# REQUIREMENT
Only the text belongs in the copy. Transcribe the data exactly and drop any pictures.

# GIVEN INFORMATION
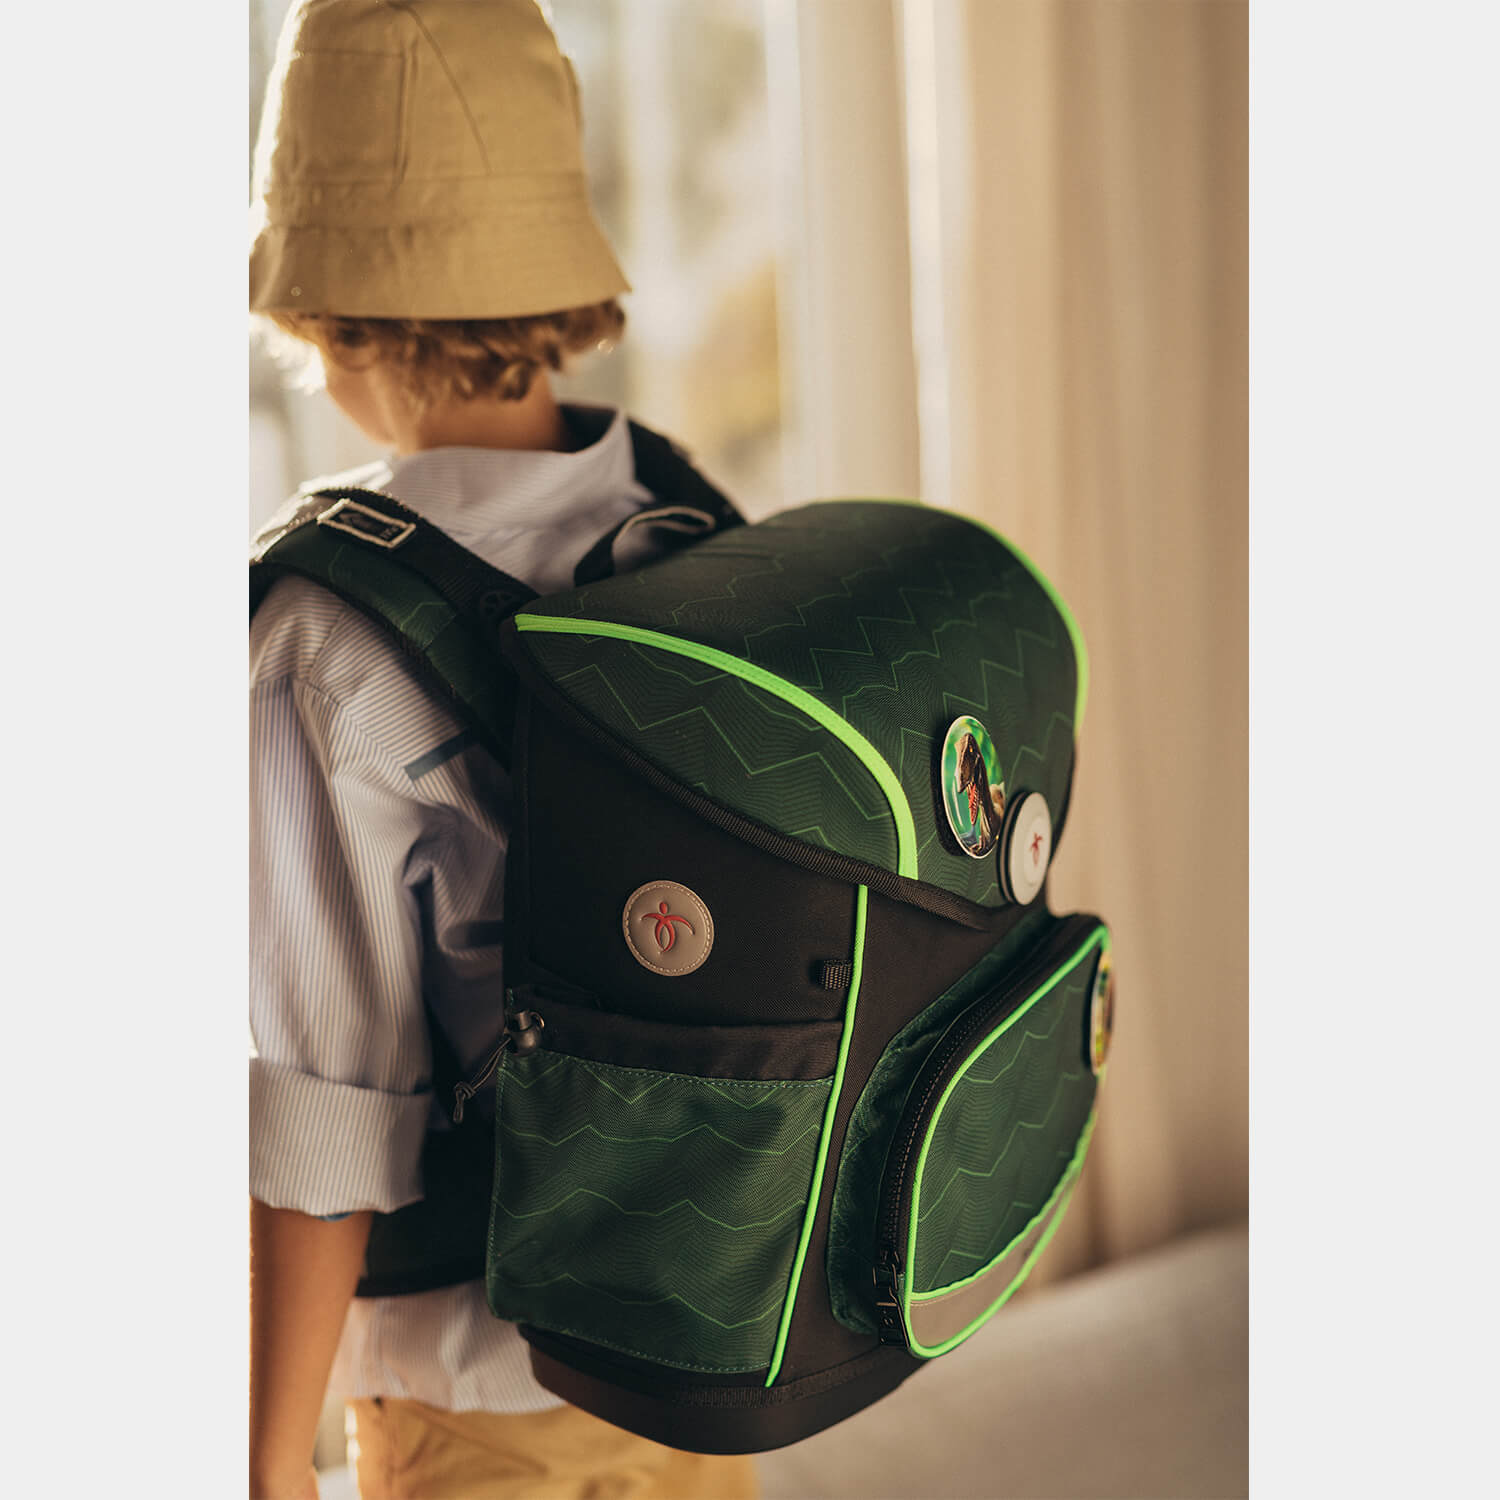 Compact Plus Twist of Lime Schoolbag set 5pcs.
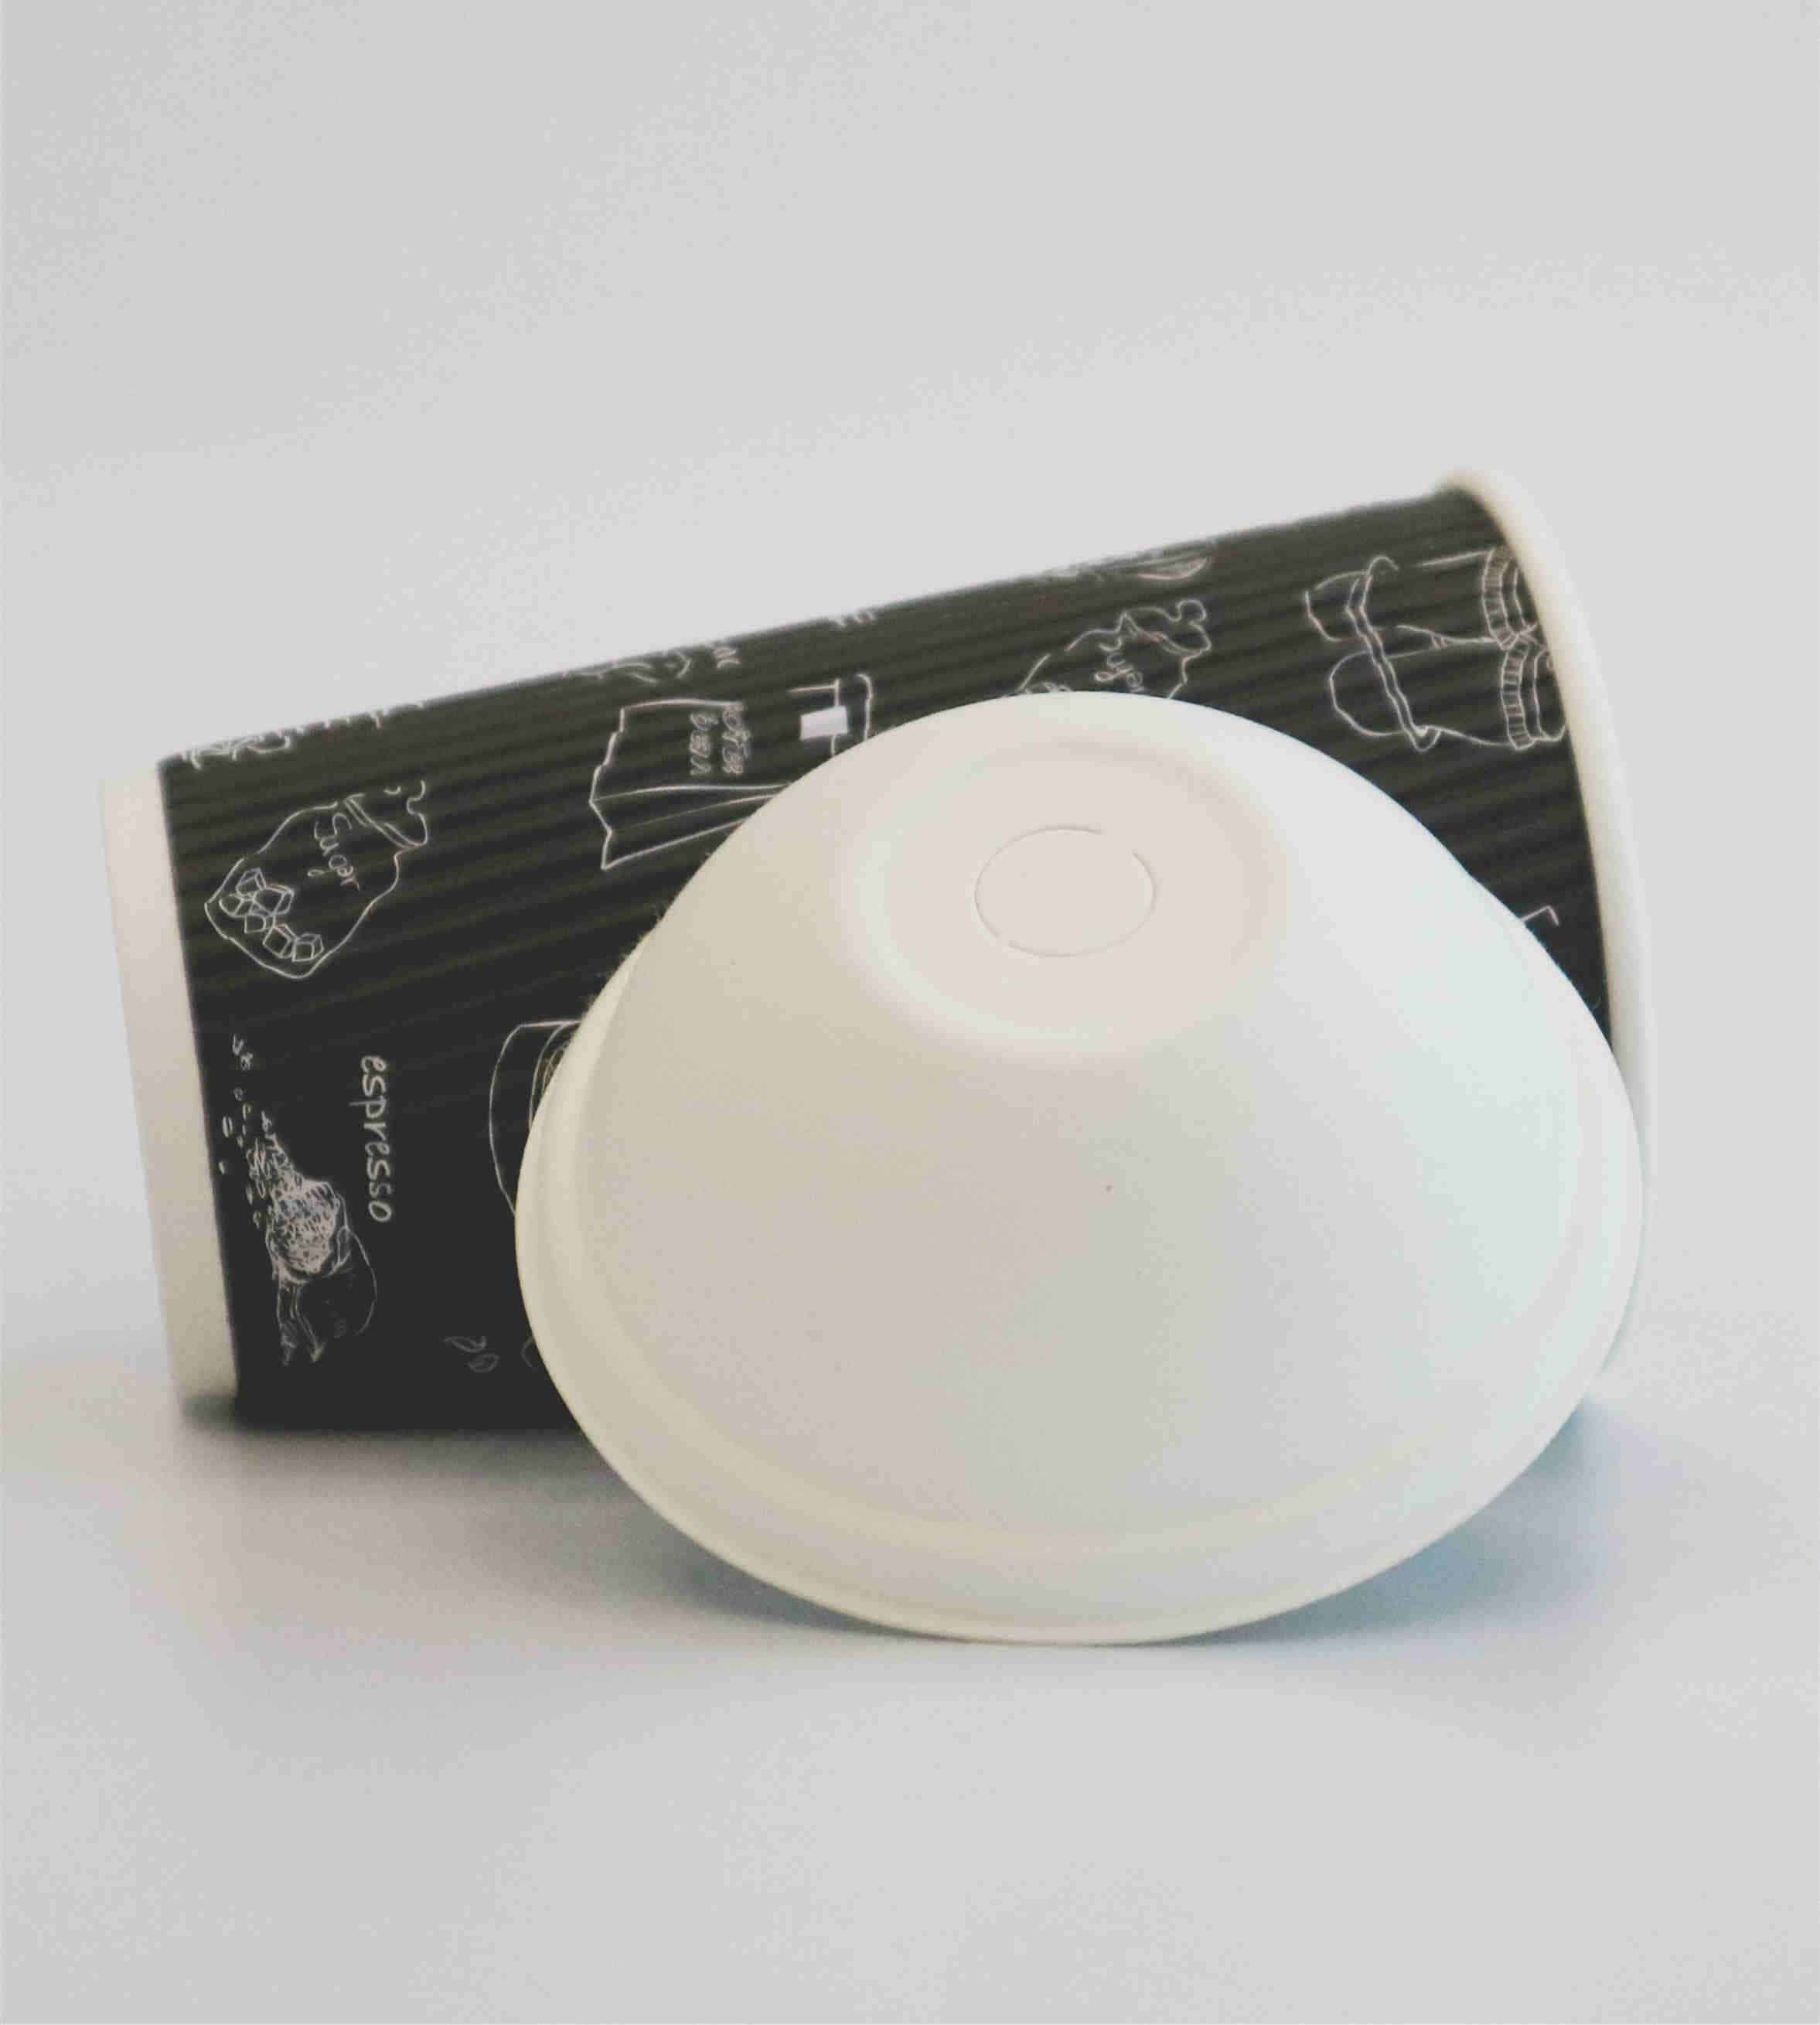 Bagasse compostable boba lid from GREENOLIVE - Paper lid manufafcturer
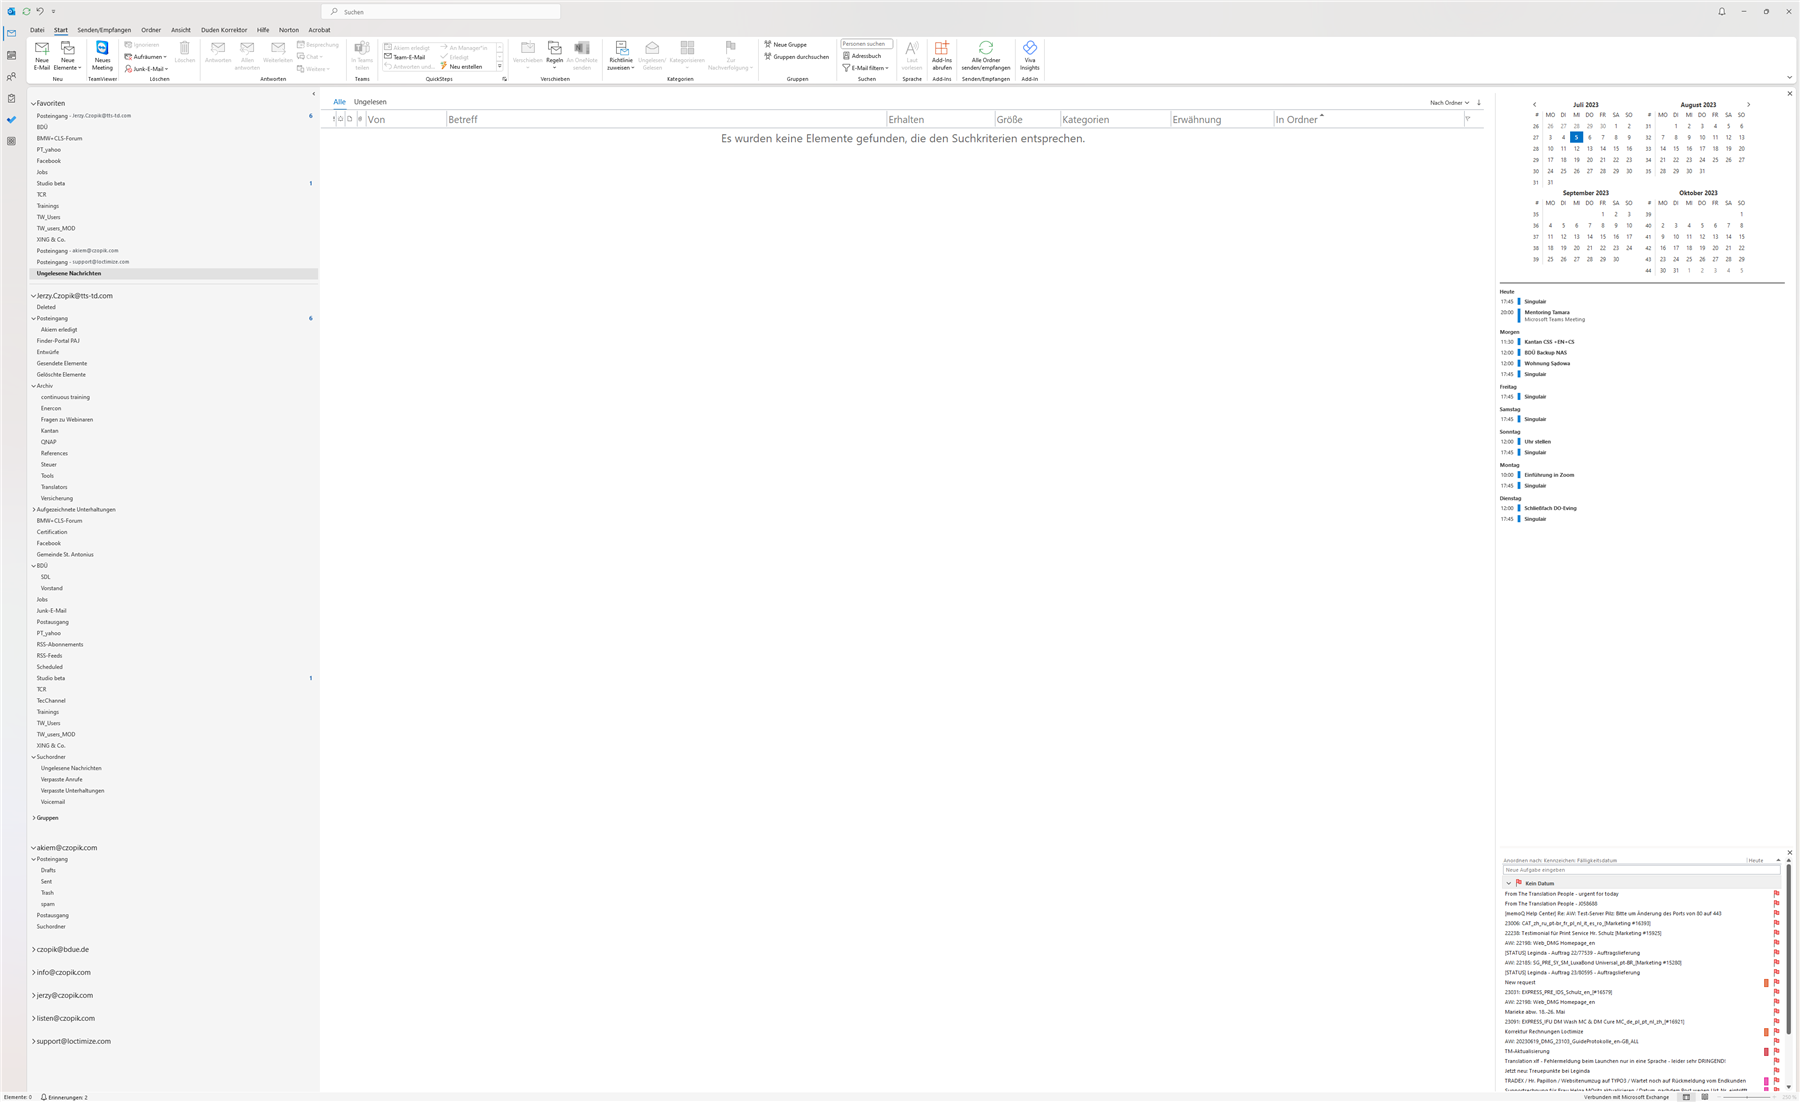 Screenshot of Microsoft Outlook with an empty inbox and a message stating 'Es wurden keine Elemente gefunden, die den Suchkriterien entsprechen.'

# WRITTEN ANSWER
 Compact Plus Twist of Lime Schoolbag set 5pcs.
 Bagasse compostable boba lid from GREENOLIVE - Paper lid manufafcturer
 Screenshot of Microsoft Outlook with an empty inbox and a message stating 'Es wurden keine Elemente gefunden, die den Suchkriterien entsprechen.'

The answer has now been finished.